About the Course

There is a sea change taking place in U.S. health care. New (and very old) understandings are emerging about health, wellbeing and resilience, as well as what leads to illness. Integrative health care can be described as patient-centered care using the best of Western biomedicine and complementary and alternative medicines. This course examines the forces calling this change forward, views and techniques of specific integrative modalities, and the challenges to implementation of IHC.

Course Description

Students will engage in a variety mind-body self-care practices while exploring the theory, history, practices and politics of integrative health care in the U.S. The course begins with an overview of integrative health and medicine and its implications for clinical care and public health practice.

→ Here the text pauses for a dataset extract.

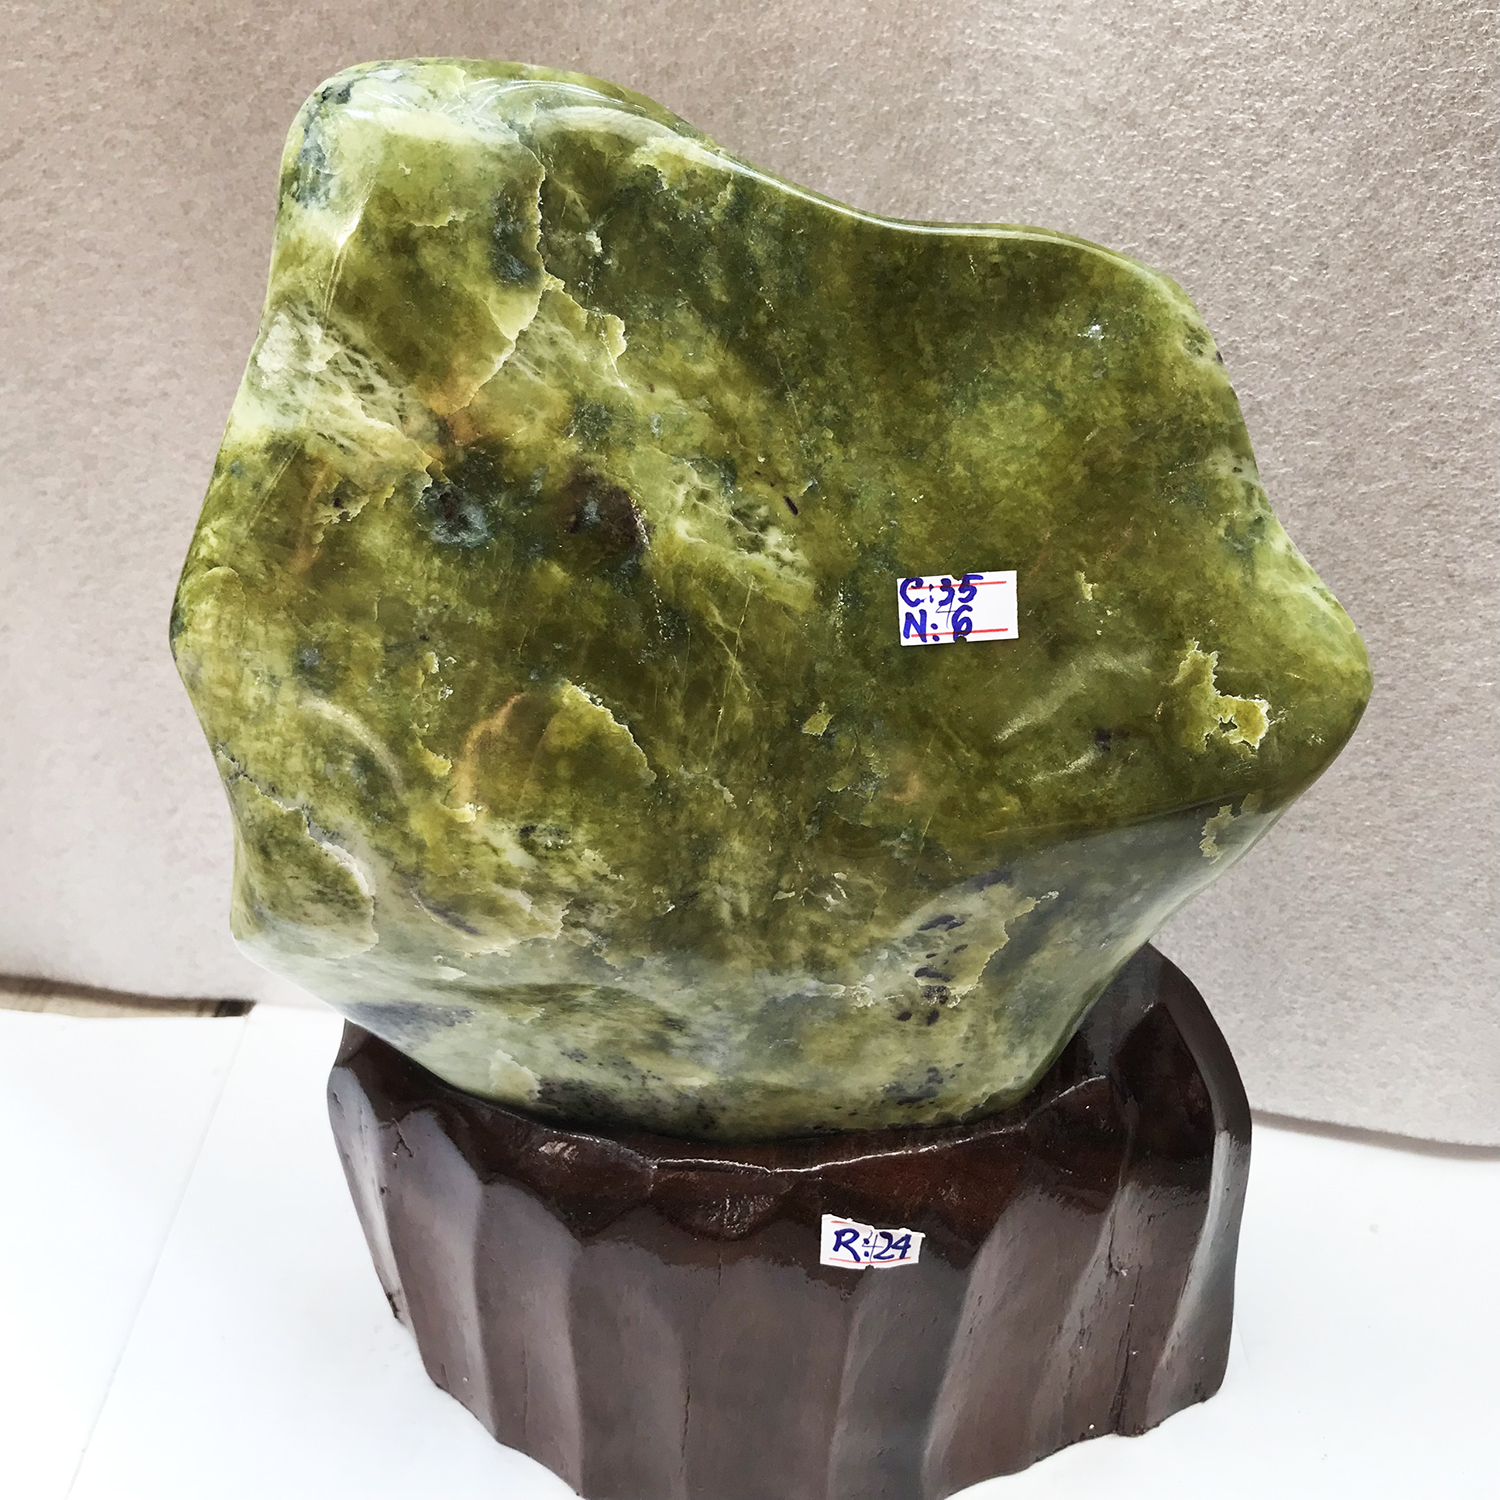 Cây đá phong thủy cao 47cm, nặng 13 kg cho người mệnh Mộc và Hỏa tự nhiên chất ngọc serpentine màu xanh đậm và bóng

We will examine the roots of integrative health care in the intersection of globalization with various movements of the 1960s and 70s, and in frustrations with the U.S. healthcare system from patient, provider and policymaker perspectives; and identify barriers and boosts to widespread adoption of integrative health care in the U.S. Students will meet practitioners of acupuncture, massage therapy, yoga, Ayurvedic medicine, and integrative medicine to learn about each profession's cosmology of health and illness, diagnostics, and treatments. Methodological challenges and opportunities within integrative health care research will be explored in looking at the evidence base for various methods. Students will articulate through words or artistic expression their own understanding of health and illness, and produce and present final projects on a relevant topic of their choice.

About the Instructor

Janet Kahn is a senior policy advisor for the Academic Consortium for Integrative Medicine and Health, a research assistant professor in the UVM College of Medicine and a research affiliate in the UVM College of Nursing and Health Sciences. She currently serves on President Obama’s Advisory Group on Prevention, Health Promotion, and Integrative and Public Health; and Governor Shumlin’s Health Care Work Force Working Group. Dr. Kahn has served on the National Advisory Council for Complementary and Alternative Medicine, and recently completed the development and testing of a media-based program for veterans and their partners in collaboration with Dr. William Collinge. Dr. Kahn is a massage therapist and medical sociologist who trained at Antioch College, Harvard Graduate School of Education and Brandeis University.